WASHINGTON, Sept. 23 (UPI) — The Office of Personnel Management announced Wednesday it underestimated the amount of victims whose fingerprints were stolen in this year’s data breach by 4 million people.

The original estimate of people whose fingerprints were stolen has been increased to 5.6 million, up from 1.1 million, after OPM discovered archived records that were not previously analyzed, The Hill reported.

About 21.5 million former, current and prospective federal employees and contractors were affected by the OPM data breach in the spring. The new estimates do not affect the overall number.

The FBI, the Department of Homeland Security and other intelligence and national security agencies are working on how the exploited data could potentially be used by criminals.

“If, in the future, new means are developed to misuse the fingerprint data, the government will provide additional information to individuals whose fingerprints may have been stolen in this breach,” an OPM spokesman said in a statement.

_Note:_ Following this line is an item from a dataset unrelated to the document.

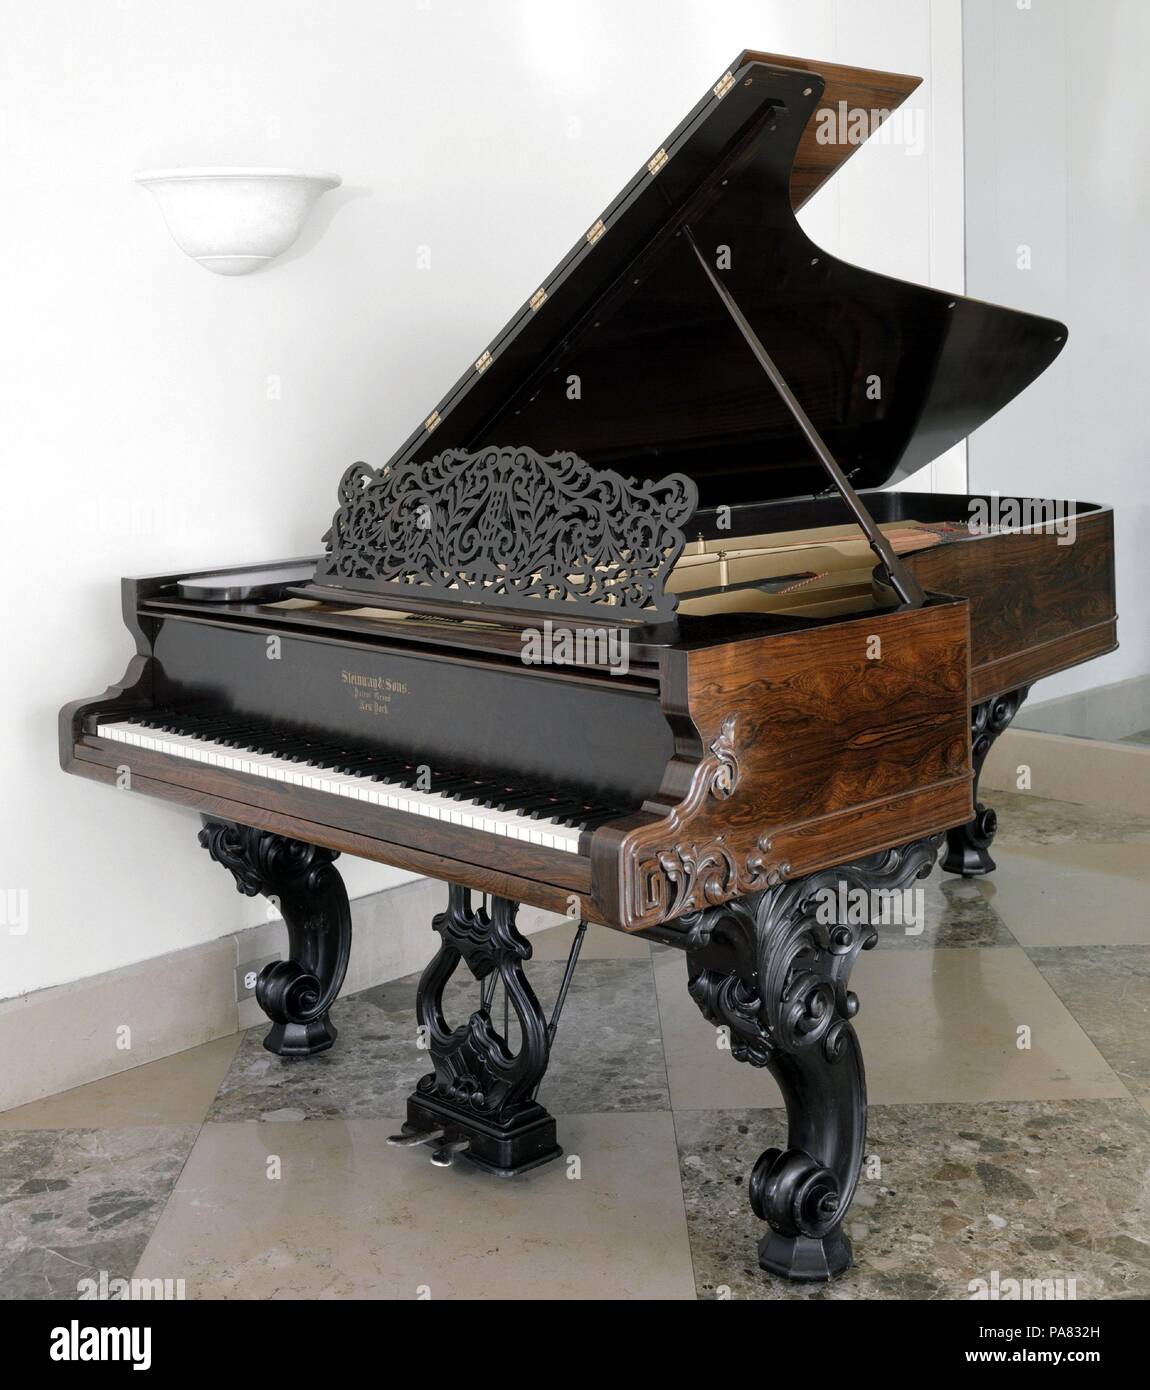 Al pianoforte a coda. Cultura: American. Dimensioni: profondità: 61 5/8 in.  (156,5 cm). Autore: Steinway & Sons. Data: 1868. Il pianoforte era  conosciuto come un "Plain Grand Style 2' pianoforte. Il 8

The OPM will work with the Department of Defense to begin notifying people who were impacted by the data breach. Some victims may not know their data was taken until November.

The data breach generated mass criticism of the OPM. Sen. Ben Sasse, R-Neb., said the underestimation of fingerprint data theft was more evidence of OPM mismanagement.

“Today’s blatant news dump is the clearest sign yet that the administration still acts like the OPM hack is a PR crisis instead of a national security threat,” Sasse said in a statement. “The American people have no reason to believe that they’ve heard the full story and every reason to believe that Washington assumes they are too stupid or preoccupied to care about cyber security.”

On Tuesday, Chinese President Xi Jinping said his country was willing to cooperate with the United States on the controversial act of cybercrime, while denying China has ever participated in hacking. China has been accused of committing the OPM data breach.